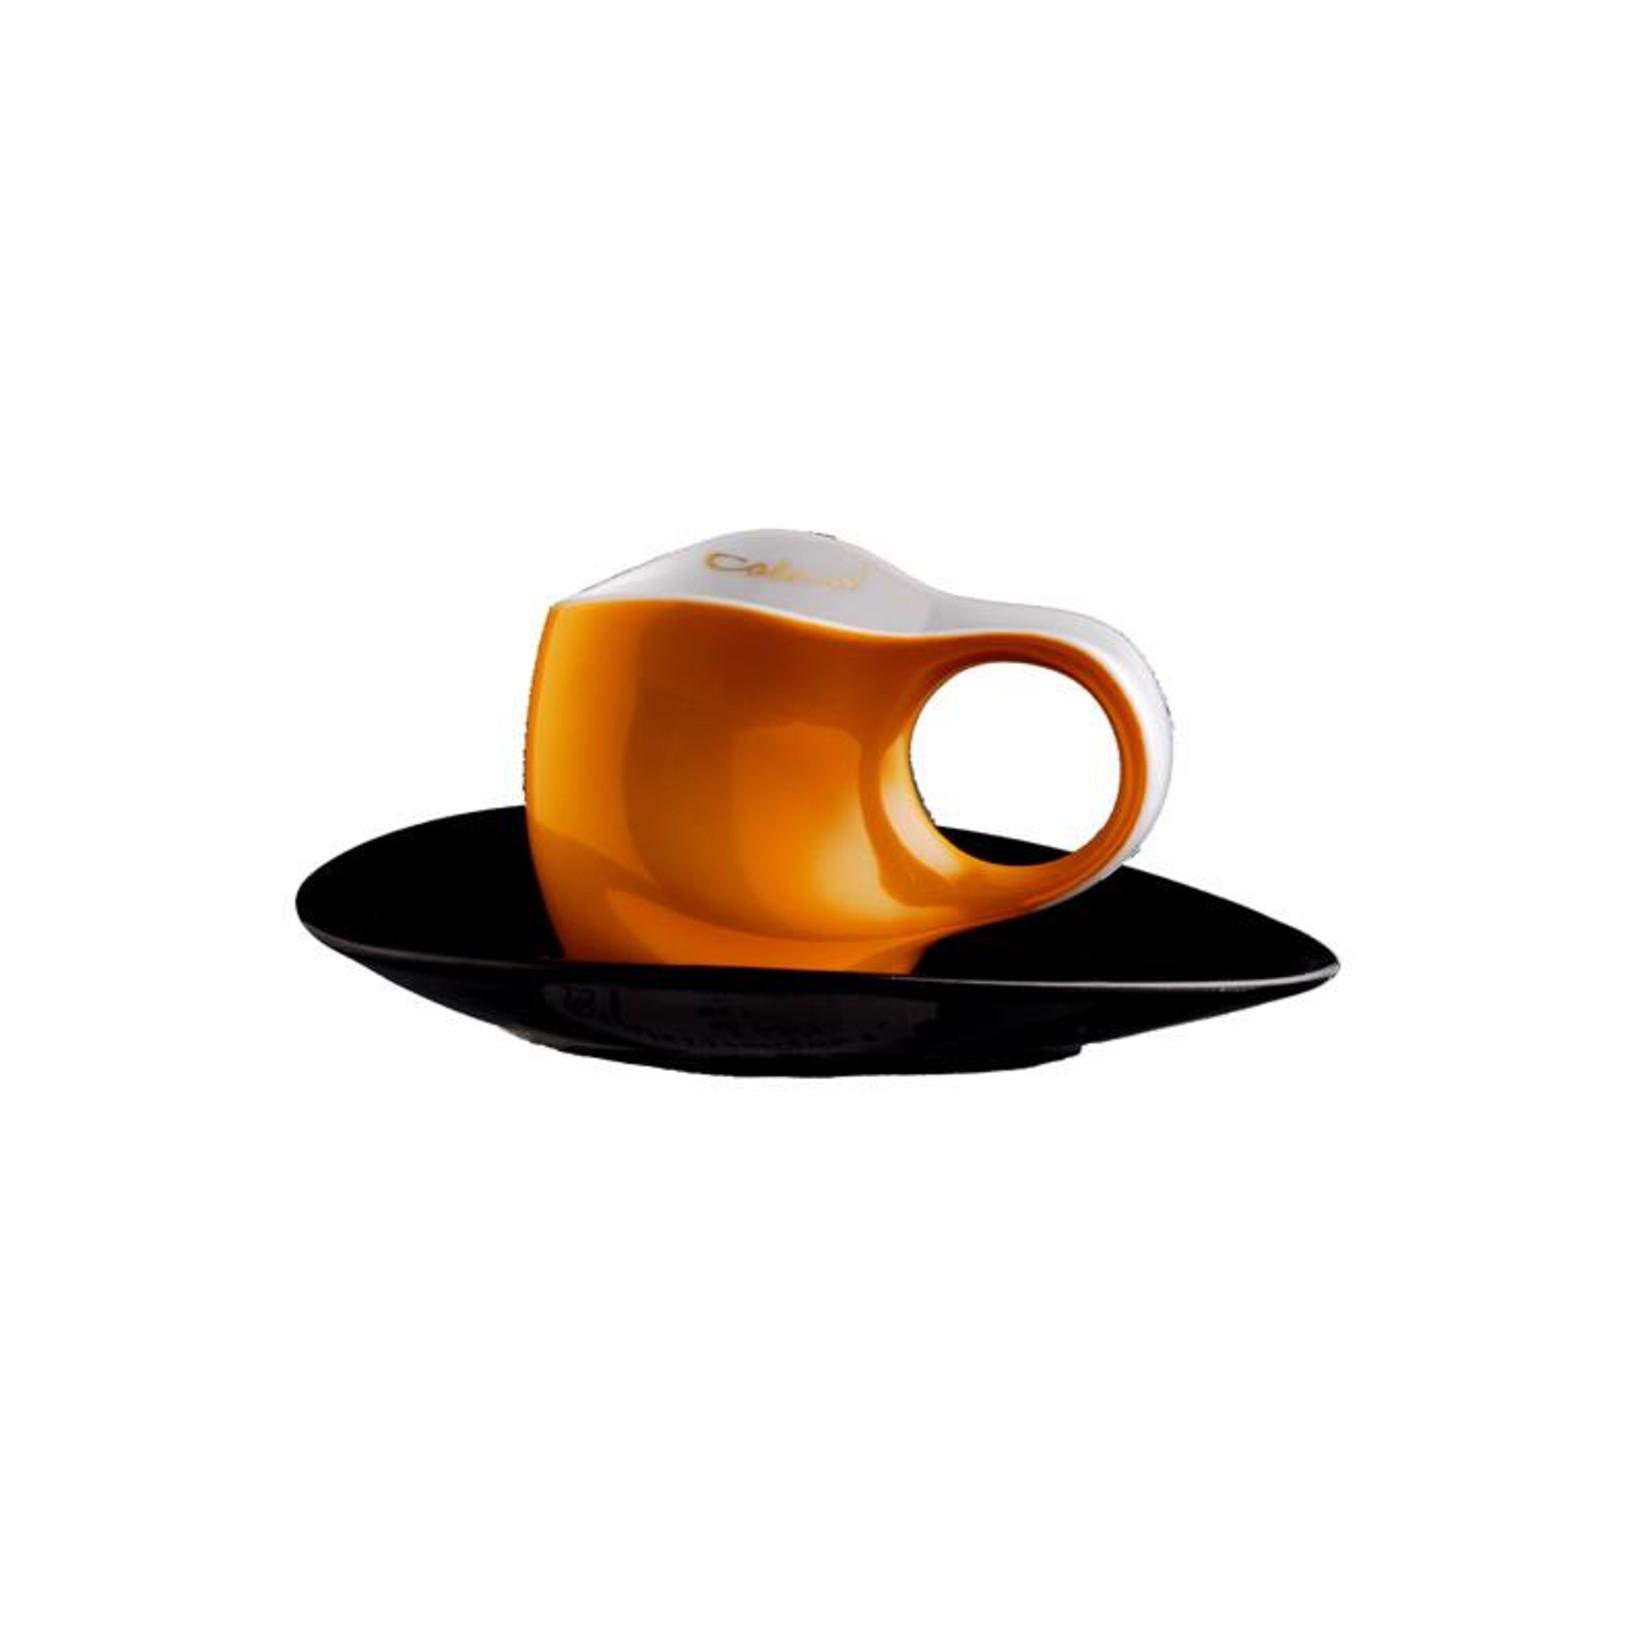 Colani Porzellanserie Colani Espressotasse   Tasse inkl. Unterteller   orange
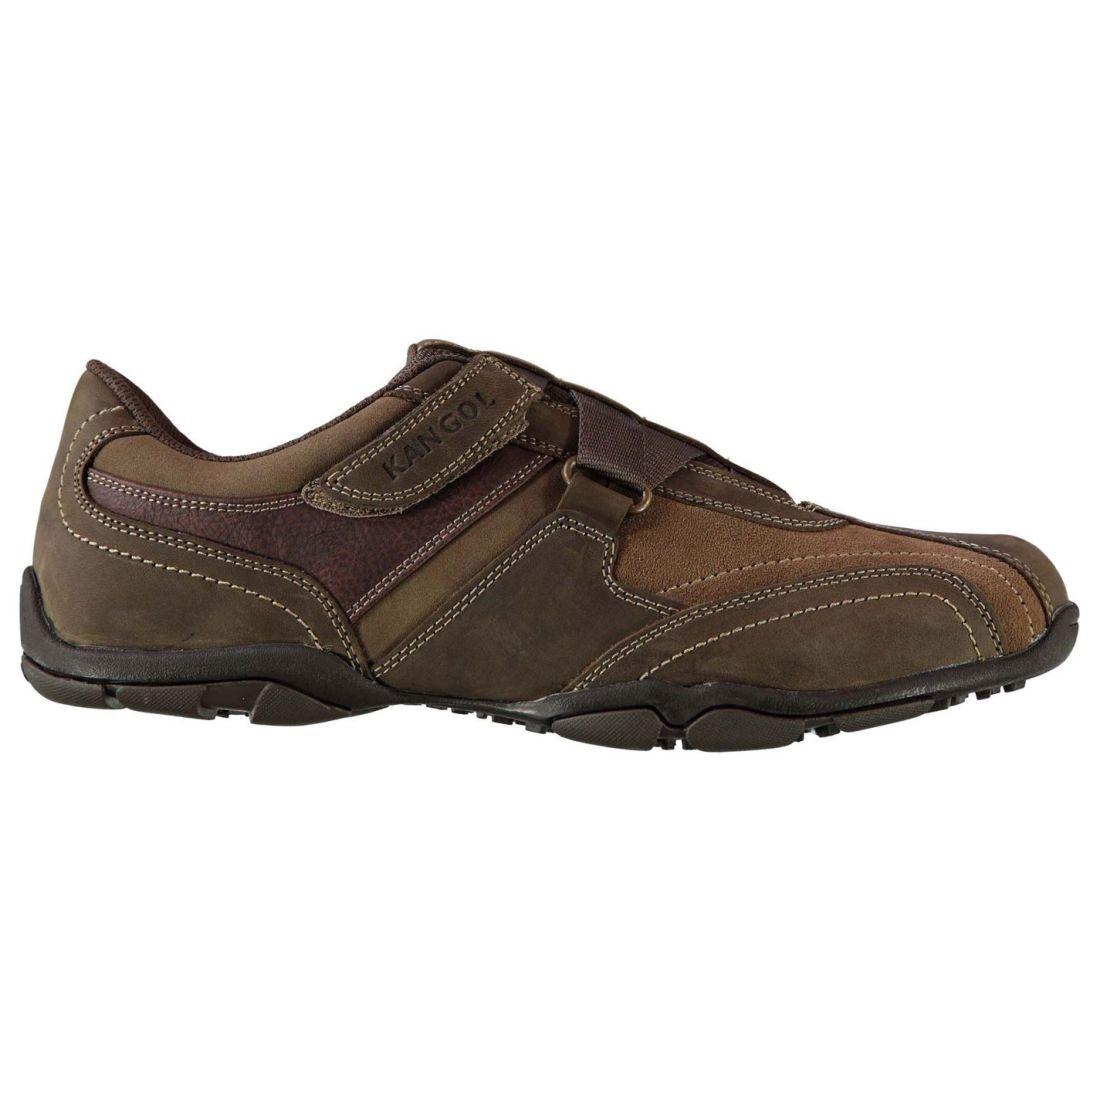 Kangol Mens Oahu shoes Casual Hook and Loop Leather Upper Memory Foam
---
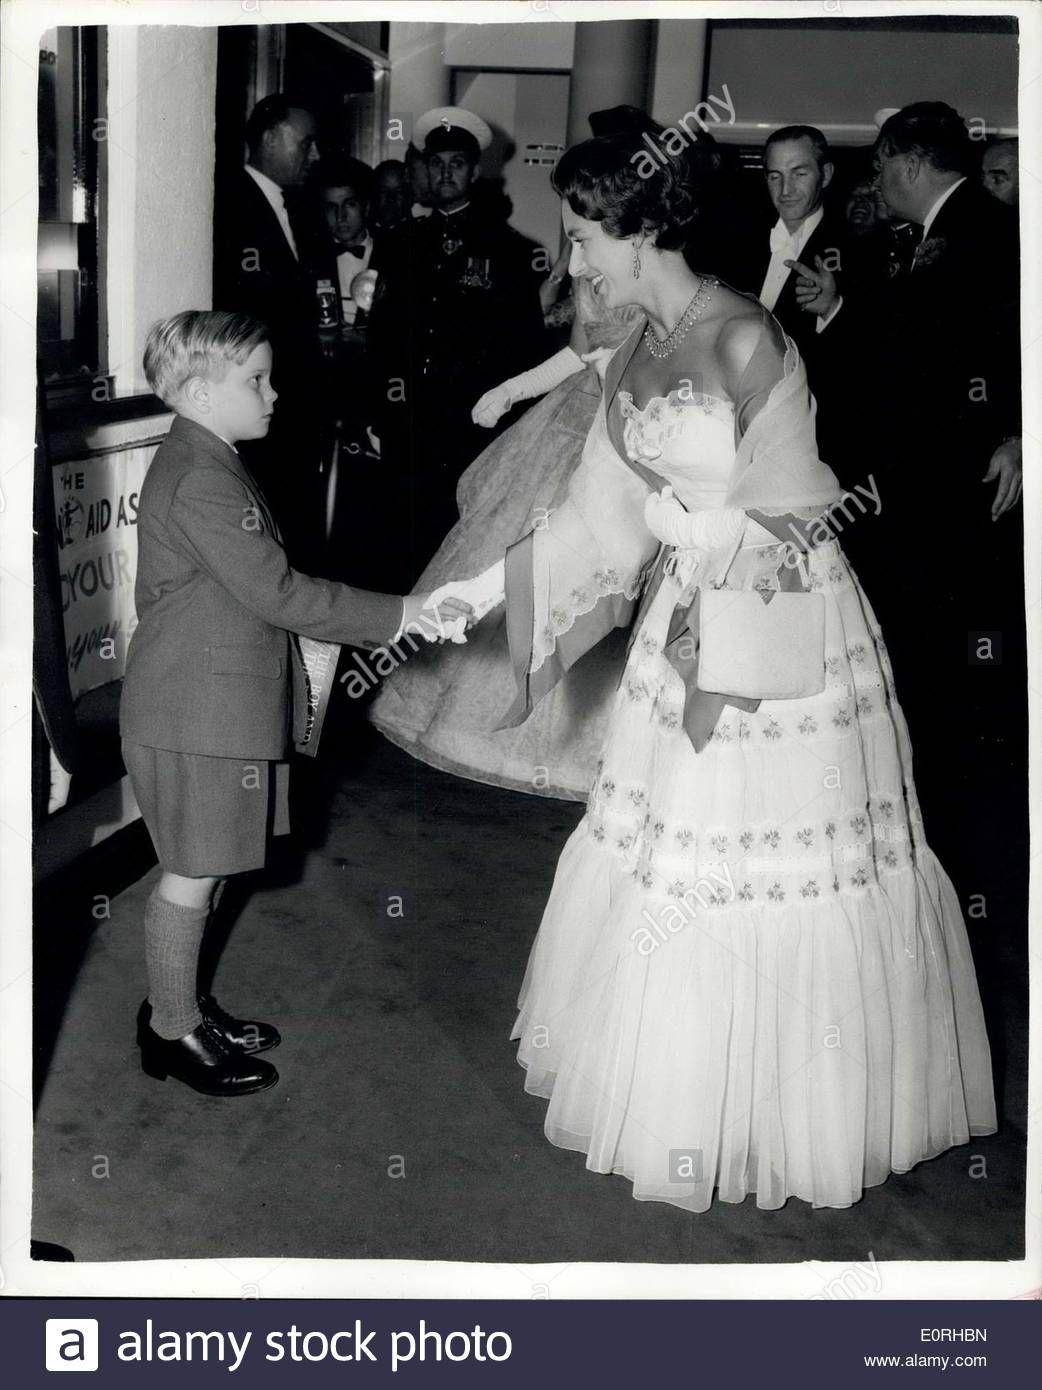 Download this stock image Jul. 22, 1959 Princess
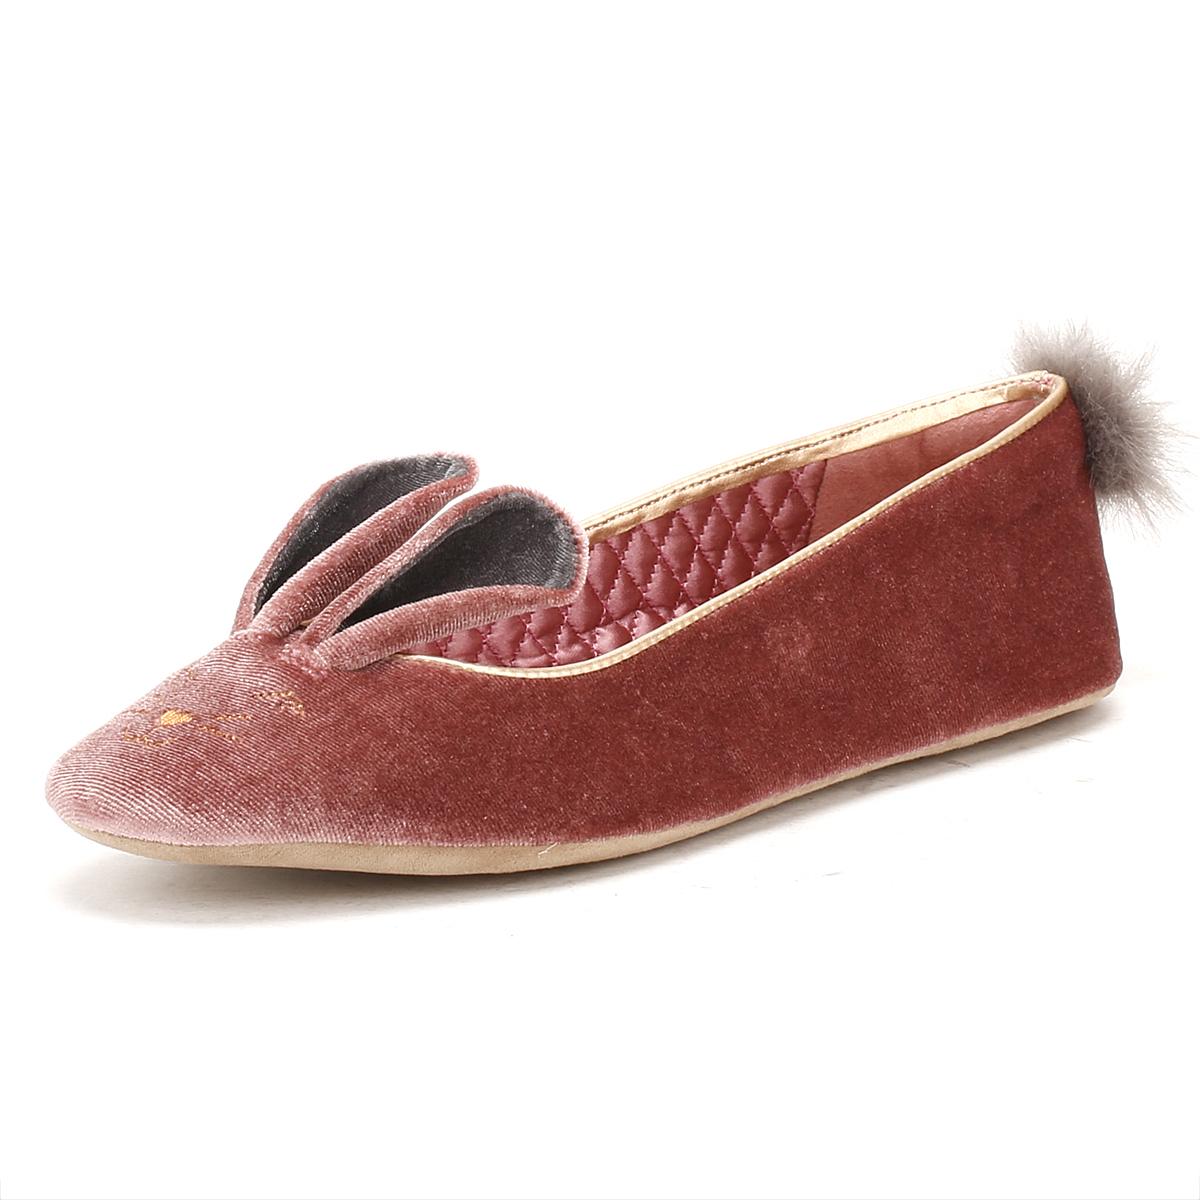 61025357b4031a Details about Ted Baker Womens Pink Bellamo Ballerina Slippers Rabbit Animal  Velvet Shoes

• **WHAT NEEDS TO BE DONE**
Reproduce exactly the lines above that run from the one with "Colani Porzellanserie Colani" to the one with "Kangol Mens Oahu", both included, leaving pictures out.

• **REPLY TO THE TASK**
 Colani Porzellanserie Colani Espressotasse   Tasse inkl. Unterteller   orange
 Kangol Mens Oahu shoes Casual Hook and Loop Leather Upper Memory Foam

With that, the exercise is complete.